Comment by nerdponx

19 days ago

The difference is that Word2Vec "learned" these relationships auto-magically from the patterns in the surrounding words in the context in which they appear in written text. Don't forget that this was a revolutionary result at the time, and the actual techniques involved were novel. Word2Vec is the foundation of modern LLMs in many ways.

I can't edit my own post but there are two other big differences between the Prolog example and the Word2Vec example.
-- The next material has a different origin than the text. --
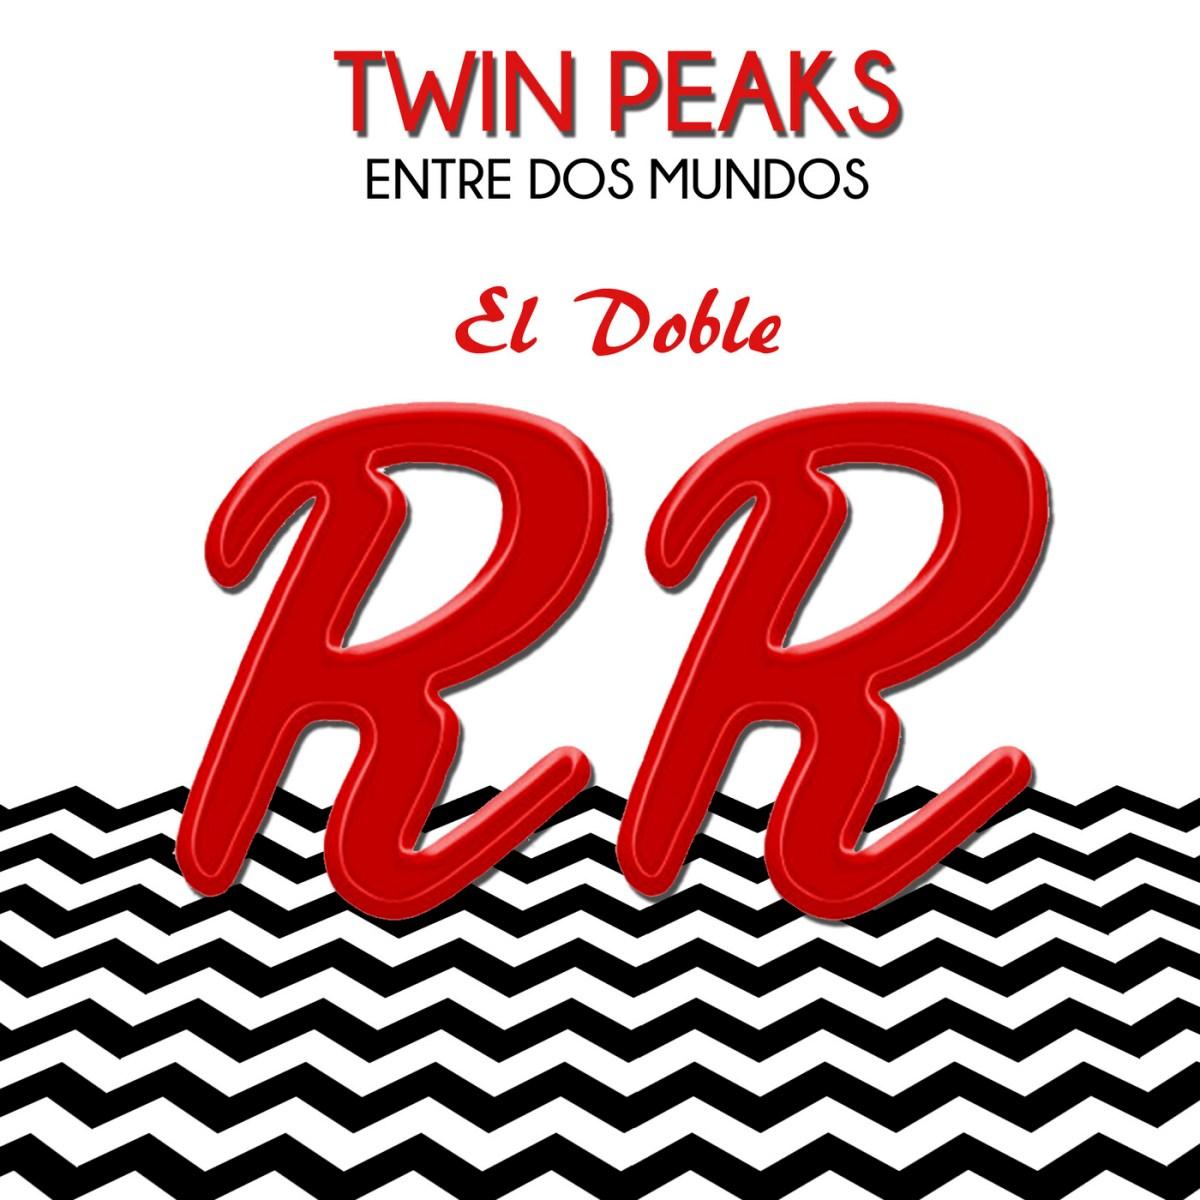 El Doble RR: Revisión Twin Peaks S1E7 –

1. The W2V example is approximate. Not "fuzzy" in the sense of fuzzy logic. I mean that Man Woman Queen King are all essentially just arrows pointing in different directions (in a high dimensional space). Summing vectors is like averaging their angles. So subtracting "King - Man" is a kind of anti-average, and "King - Man + Woman" then averages that intermediate thing with "Woman", which just so happens to yield a direction very close to that of "Queen". This is, again, entirely emergent from the algorithm and the training data. It's also probably a non-representative cherry picked example, but other commenters have gone into detail about that and it's not the point I'm trying to make.

2. In addition to requiring hand-crafted rules, any old school logic programming system has to go through some kind of a unification or backtracking algorithm to obtain a solution. Meanwhile here we have vector arithmetic, which is probably one of the fastest things you can do on modern computing hardware, not to mention being linear in time and space. Not a big deal in this example, could be quite a big deal in bigger applications.

And yes you could have some kind of ML/AI thing emit a Prolog program or equivalent but again that's a totally different topic.